Records for the exercise START
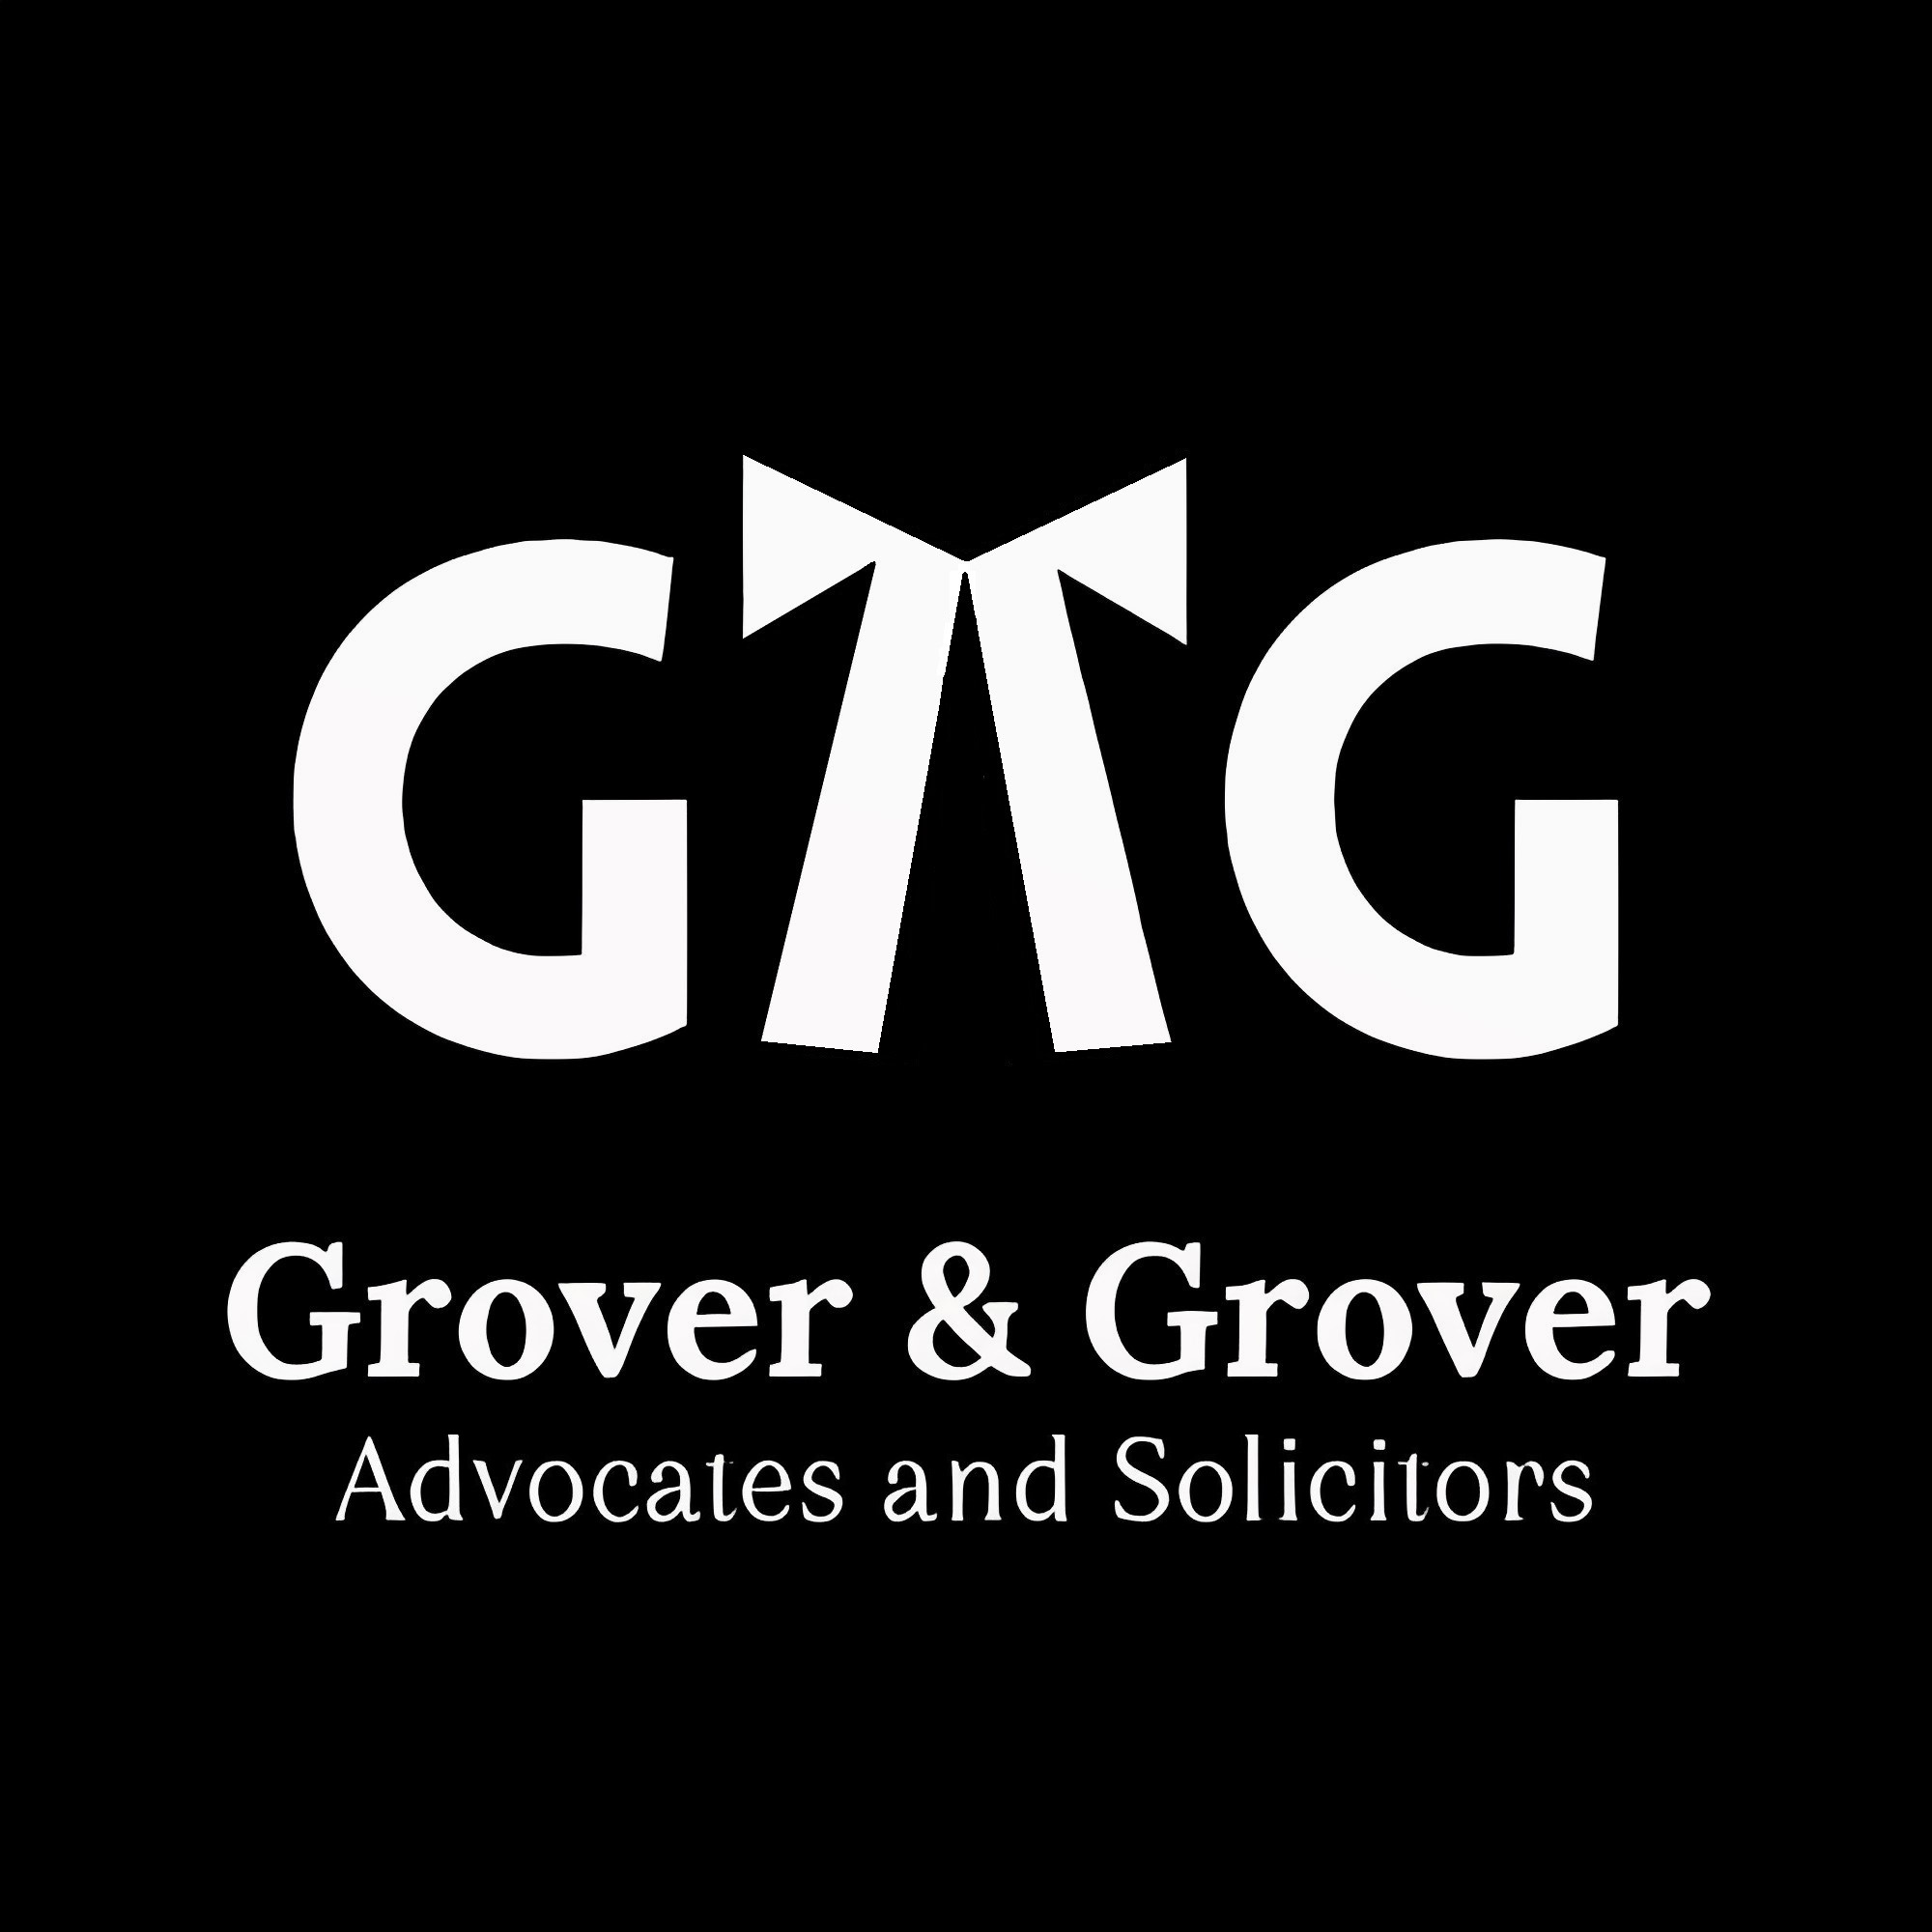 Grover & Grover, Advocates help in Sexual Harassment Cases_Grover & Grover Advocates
Records for the exercise END
Records for the exercise START
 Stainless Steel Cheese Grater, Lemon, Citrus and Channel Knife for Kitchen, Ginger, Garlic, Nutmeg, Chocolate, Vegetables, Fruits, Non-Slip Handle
Records for the exercise END
Records for the exercise START
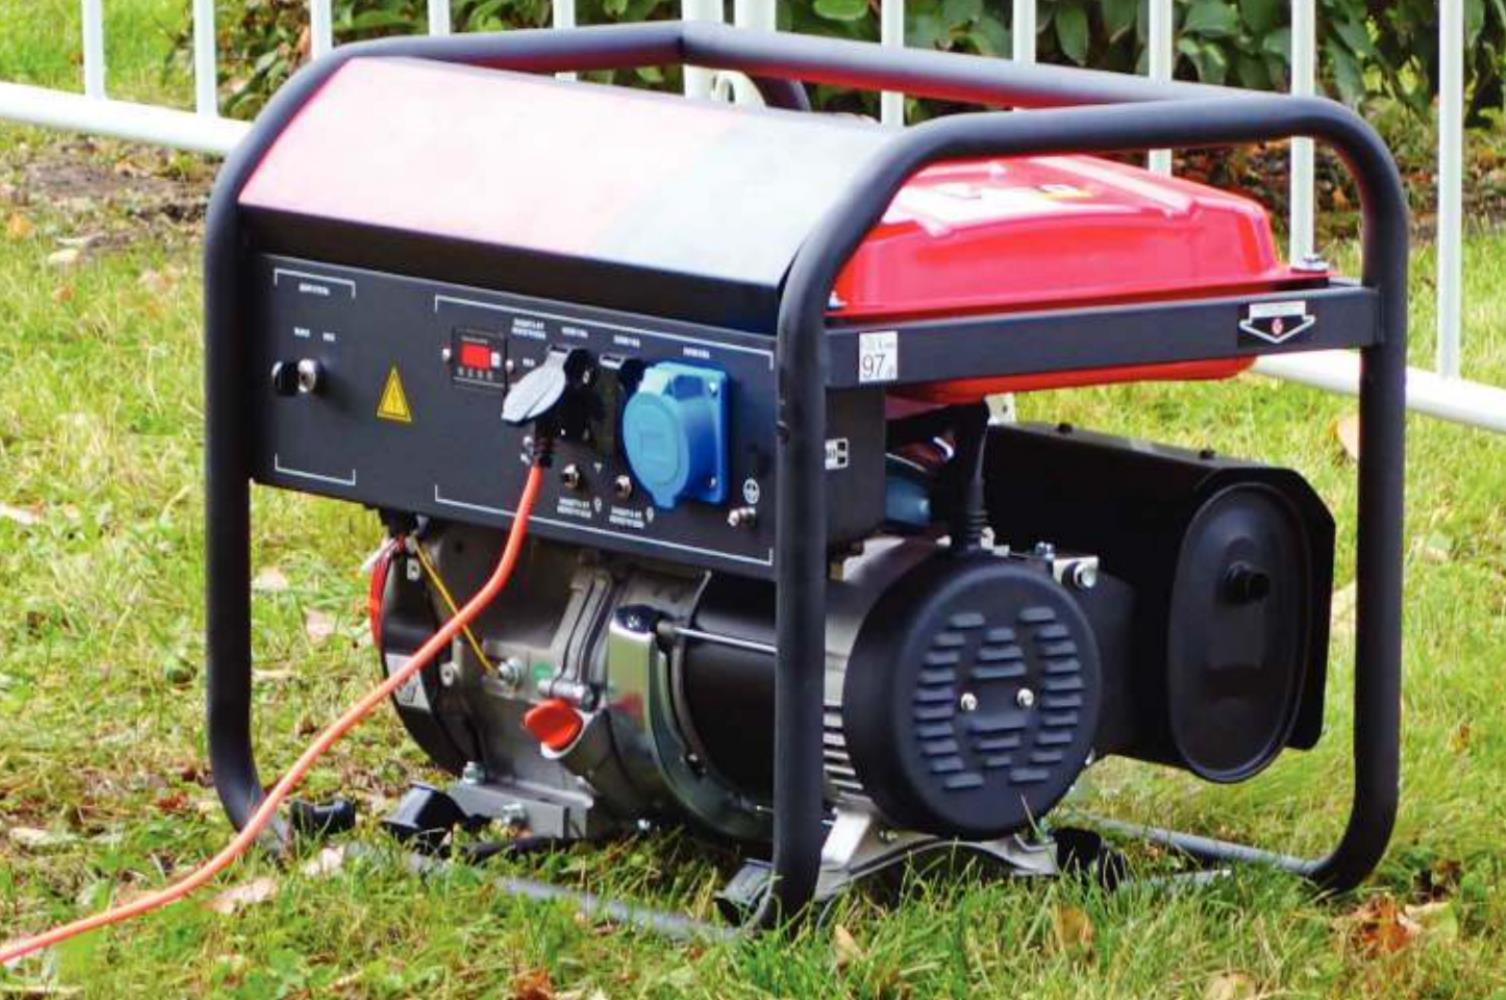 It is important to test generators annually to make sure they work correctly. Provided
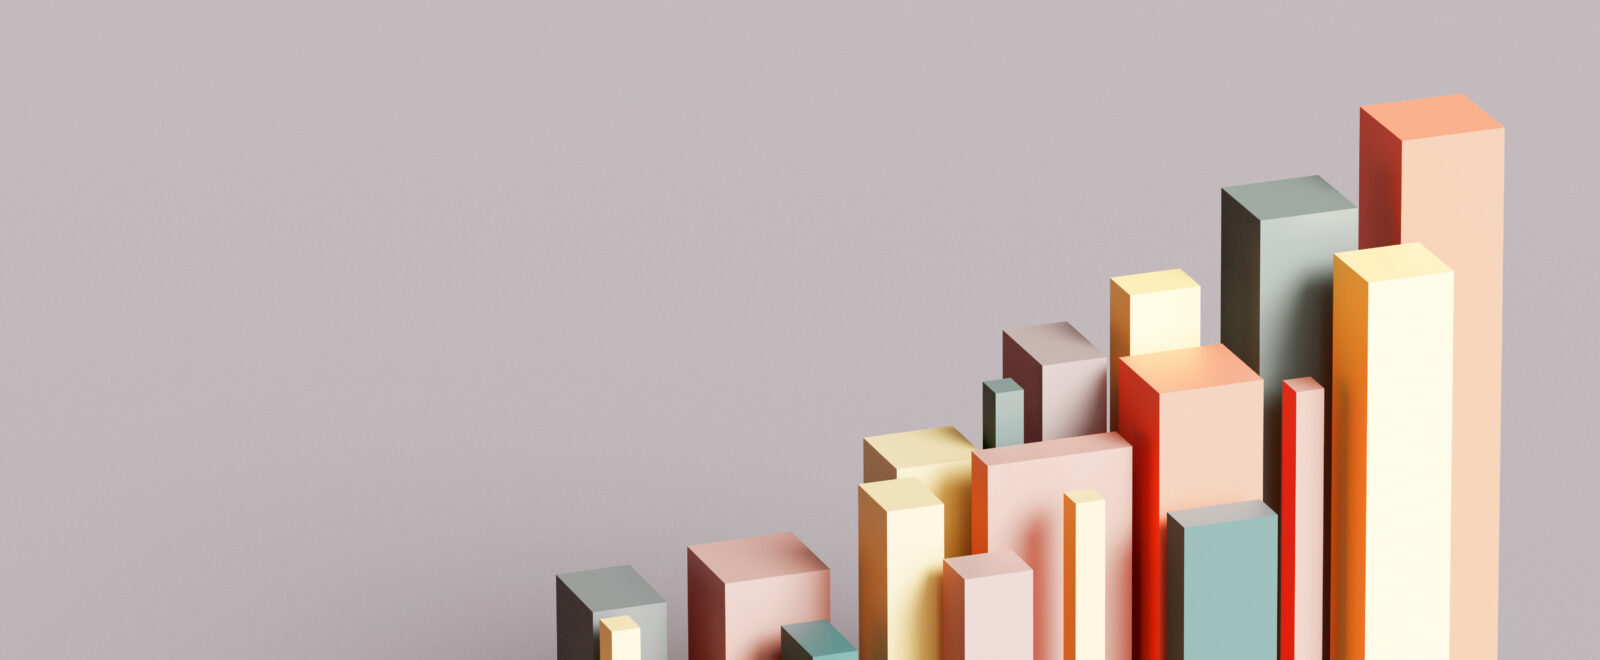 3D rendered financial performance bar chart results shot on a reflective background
Records for the exercise END
| About this exercise |
Given the entries above, transcribe exactly the lines from the one holding "It is important" through the one holding "3D rendered financial"; pictures do not belong in the transcription.

| Result below |
 It is important to test generators annually to make sure they work correctly. Provided
 3D rendered financial performance bar chart results shot on a reflective background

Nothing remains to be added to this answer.